To illustrate the significance of Haverluck, consider this: the Skip driver was allowed here to make an AHRA complaint against Burger Boy, but for many things would probably not have been allowed to make an AHRA complaint against Skip in Alberta.

Facts

Below are the pertinent facts found by the Alberta Human Rights Tribunal:

  • The complainant was a Skip the Dishes (“Skip”) driver
  • The complainant had one paralyzed arm, and was unable to grasp things with it
  • There was a Burger Boy restaurant situated in part of the geographic area the Skip driver worked and did deliveries in
  • The Burger Boy restaurant had a policy of providing drink trays automatically where there were 2 or more drinks in an order, but not automatically if there was only 1 drink in the order
  • The complainant needed a drink tray for orders of only 1 drink because of the way he had to store the drinks to carry them and the food together, due to his physical disability
  • The human rights complaint was that Burger Boy refused to provide him a drink tray for drinks of only 1 drink, which it ought to have done as an accommodation of his physical disability in providing this “service … customarily available to the public”
  • Burger Boy denied refusing to provide him a drink tray in its evidence.

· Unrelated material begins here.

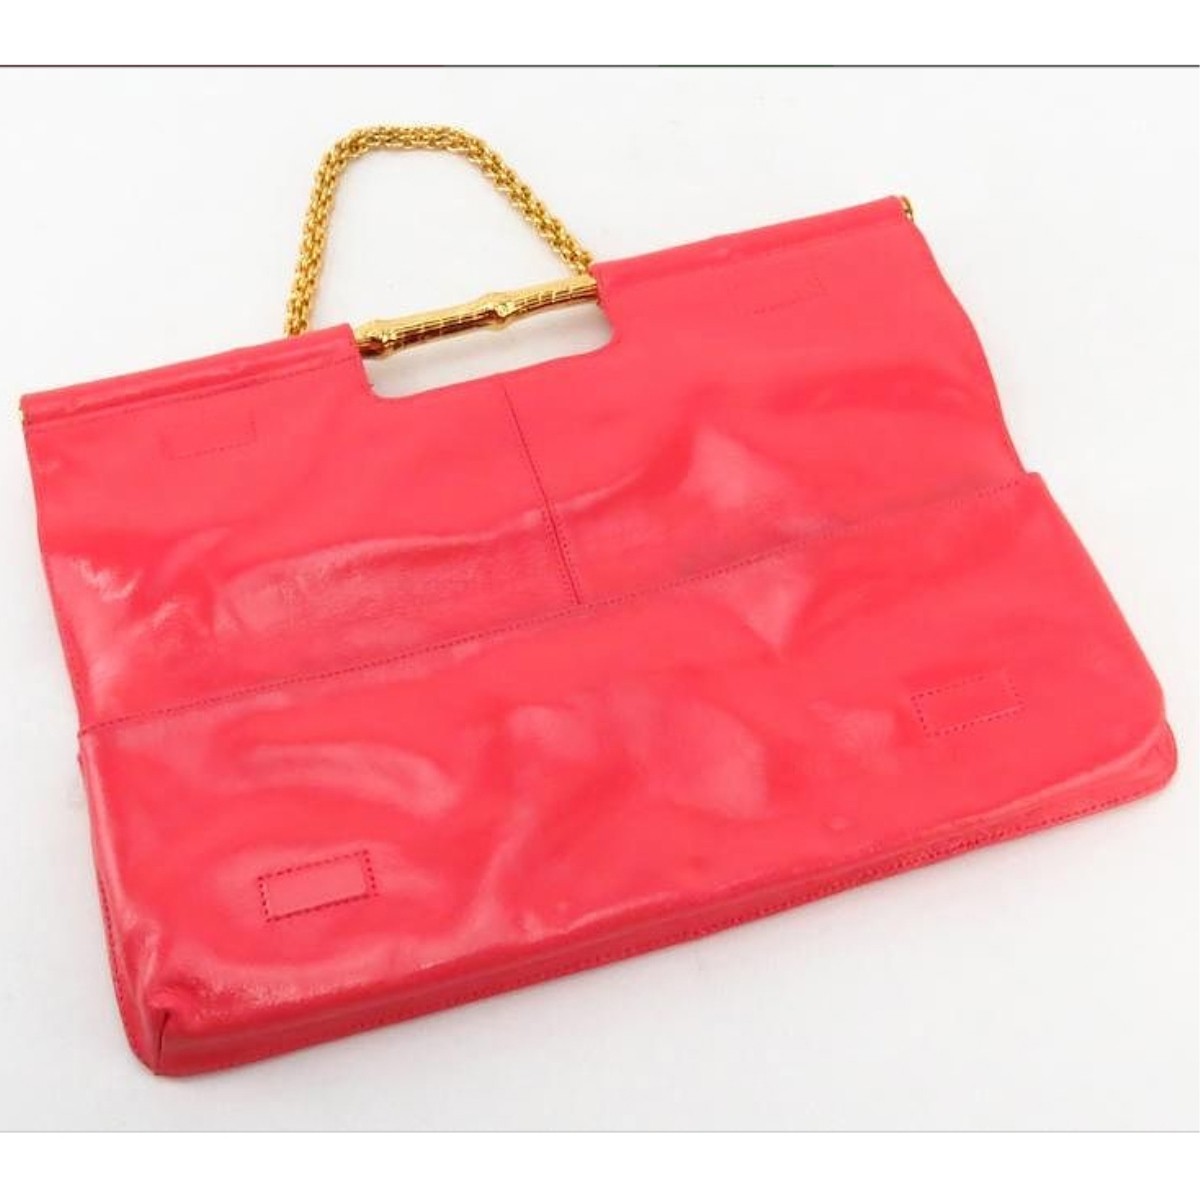 Trina Turk Salmon Pink Patent Leather Clutch

The Tribunal found that it had refused to provide it to him
  • The complainant explored a few different ways of trying to resolve the issue through Skip, including potentially blocking Burger Boy as a restaurant that he would be prompted to consider deliveries for, but for various reasons he was unable to resolve it that way
  • If the complainant did the Burger Boy orders he had a higher chance of a bad delivery which negatively impacted his compensation, and if he refused to do Burger Boy orders it negatively impacted how he was rated internally by Skip, which also negatively impacted his compensation

Analysis / Conclusion

The Burger Boy restaurant did not argue that it was not a “service customarily available to the public” or that that the Alberta Human Rights Act should not apply to this situation.  They also did not seriously argue that providing a drink tray for a single-drink order was an unreasonable accommodation of a disability.  However, the Tribunal’s choice to decide this matter is potentially quite significant (see “My Take” section, later).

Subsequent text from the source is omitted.